Но с нар раздавалось тихое сопение.
– Спит, – заметил врач. – Ну и пусть спит. Сейчас приготовим воду.
Он взял котелок и нырнул под мокрый полог, прикрывавший вход. Через минуту он вернулся с котелком, наполненным снегом.
– Во как живём! Как на льдине! – Ему, видно, нравилось это сравнение. – Чтобы получить полкотелка воды, – деловито пояснил врач, ставя котелок на печь, – надо три раза наполнить его снегом. Вода будет препаршивая, предупреждаю, но другой нет.
Он поднял с пола лучинку и стал помешивать ею снег в котелке.
– Гигиена! – улыбнулся я.
– Такого слова не существует, – убеждённо ответил врач.
Он начинал мне нравиться. У него были деловитость и какое-то благодушно-ироническое отношение к тому, что он делал. Он производил впечатление «лёгкого» человека.
– Есть много способов приготовления пшённой каши из концентрата, – рассуждал он, помешивая снег лучинкой. – Можно дождаться, пока закипит вода, можно заранее положить концентрат в воду. Но, откровенно говоря, это дела не меняет. Существенные изменения в анамнезе наступают лишь в результате прибавления к каше масла и поджаренного лука. К сожалению, мы не располагаем сейчас ни тем, ни другим.
Я смотрел в котелок. Внезапно жидкая кашица снега подёрнулась корочкой и тут же превратилась в воду.
– Ну вот, – сказал врач, снимая с печки котелок, – теперь его надо снова наполнить снегом. – И врач опять нырнул под полог.
Это было очень смешно и напоминало старую сказку о том, как ели кисель и бегали в погреб за молоком. Ложка киселя, ложка молока. Почему было не принести снег в ведре и потом постепенно подкладывать его в котелок?..
– Не унимается! – сказал врач, пролезая в палатку. От котелка шёл пар. Он снова поставил его на печку. – Так и хлещет! Ну, дела сегодня будут.
Он опустился на корточки и стал помешивать в котелке. Его волосы были запорошены снегом.
– Ещё один раз, – сообщил врач, – и воды будет достаточно.
Я посоветовал ему насчёт ведра. Врач посмотрел на ведро, висящее на крюке, потом на меня и ответил:
– Пожалуй.
Потом он встал и подсел на топчан, рядом со мной.
– Скажите, – спросил врач, – лётчику тому здорово досталось?
– В ногу, – ответил я. – Он сначала не почувствовал. А потом я заметил кровь; он говорит, что не больно.
– Так всегда сгоряча бывает, – объяснил врач. – Но, видно, счастливо отделался.

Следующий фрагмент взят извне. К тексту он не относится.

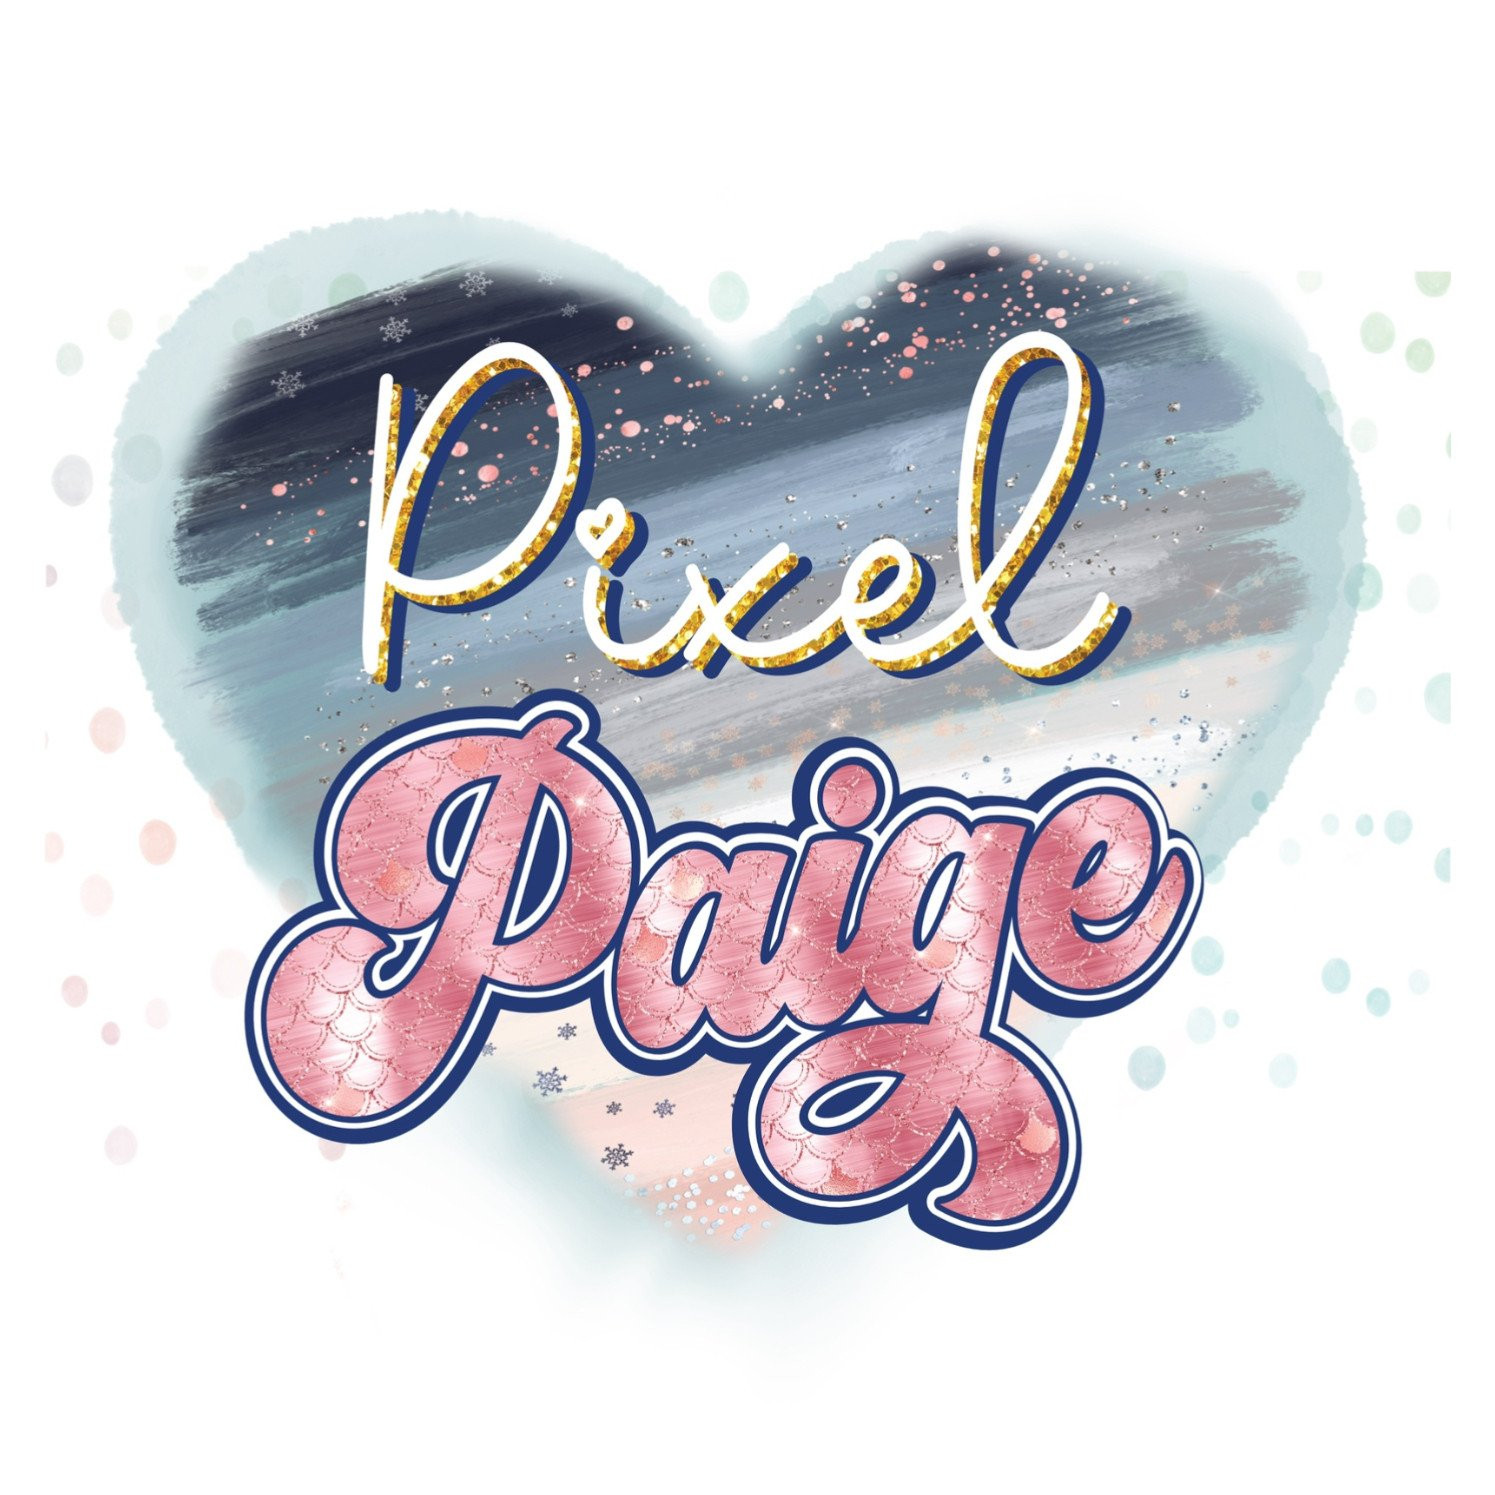 Pixel Paige Studio's profile picture
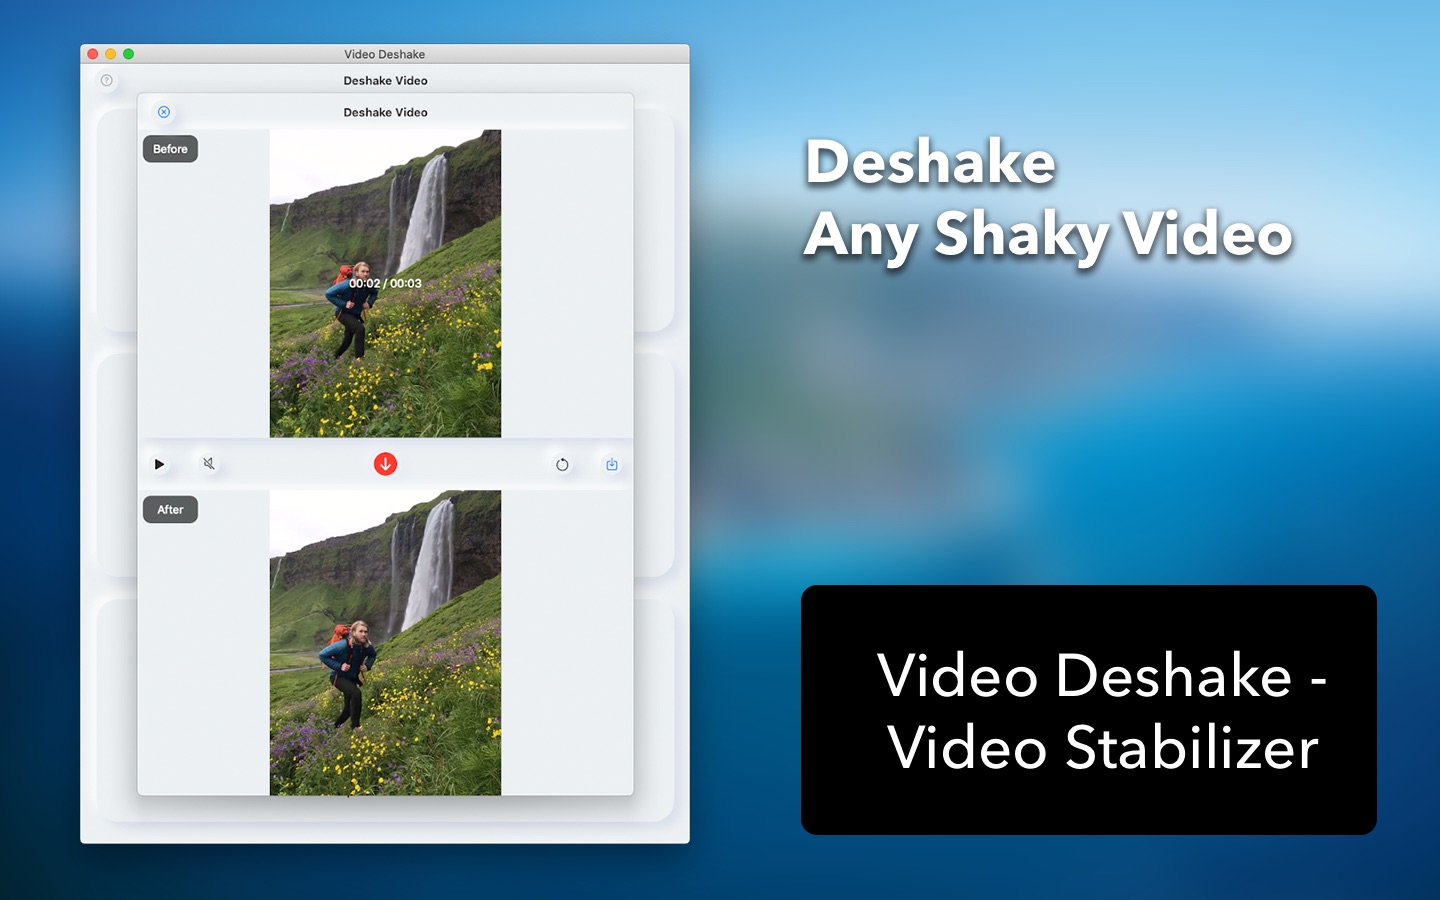 DeshakeVideo 1.0 : Main Window

– «Мессеров» было три, – вспомнил я, – а он один. По-моему, он напрасно полез в драку.
– Как напрасно? – удивился врач. – А самолёт с людьми и грузом?
– Он был уже над лесом. Цель была достигнута. Лётчику надо было уходить.
– Ну, это вы бросьте, – недовольно проговорил врач. – А вдруг они погнались бы за самолётом? Нет, ни один советский лётчик так не поступит. Ну вот, теперь последний заход. – Он схватил котелок и нырнул под полог.
Фельдшер на топчане мирно посапывал. Я посмотрел на часы. Час ночи. Через шесть часов наступит утро, и я смогу двинуться обратно.
– Прямо невозможно держать в руках металлическое, – заметил врач, появляясь. – Вмиг пальцы отморозишь. Вот холодина-то! – Он рывком поставил котелок на огонь. – Теперь всё. Закипит – и можно класть.
Я почувствовал, что хочу спать. Врач подошёл к полочке и взял оттуда концентрат. Потом подумал и взял второй.
– Сварим два, – обратился он ко мне. – Кутить так кутить!
– Давайте я тоже буду что-нибудь делать, – предложил я.
– Вы будете есть, – ответил он. – Вот смотрите за водой. Скажите, когда закипит.
Глупо было приставать к нему. Как будто требовался штат поваров, чтобы сварить кашу. Но мне было неприятно сидеть сложа руки. Врач высыпал из мешка несколько сухарей и крошки.
– Это вместо хлеба. Надеюсь, у вас зубы не вставные?
Он стал ломать куски. Я видел, что они твёрже камня.
– Замёрзли, – пояснил врач. – Впрочем, предпочитаю сухари мёрзлому хлебу.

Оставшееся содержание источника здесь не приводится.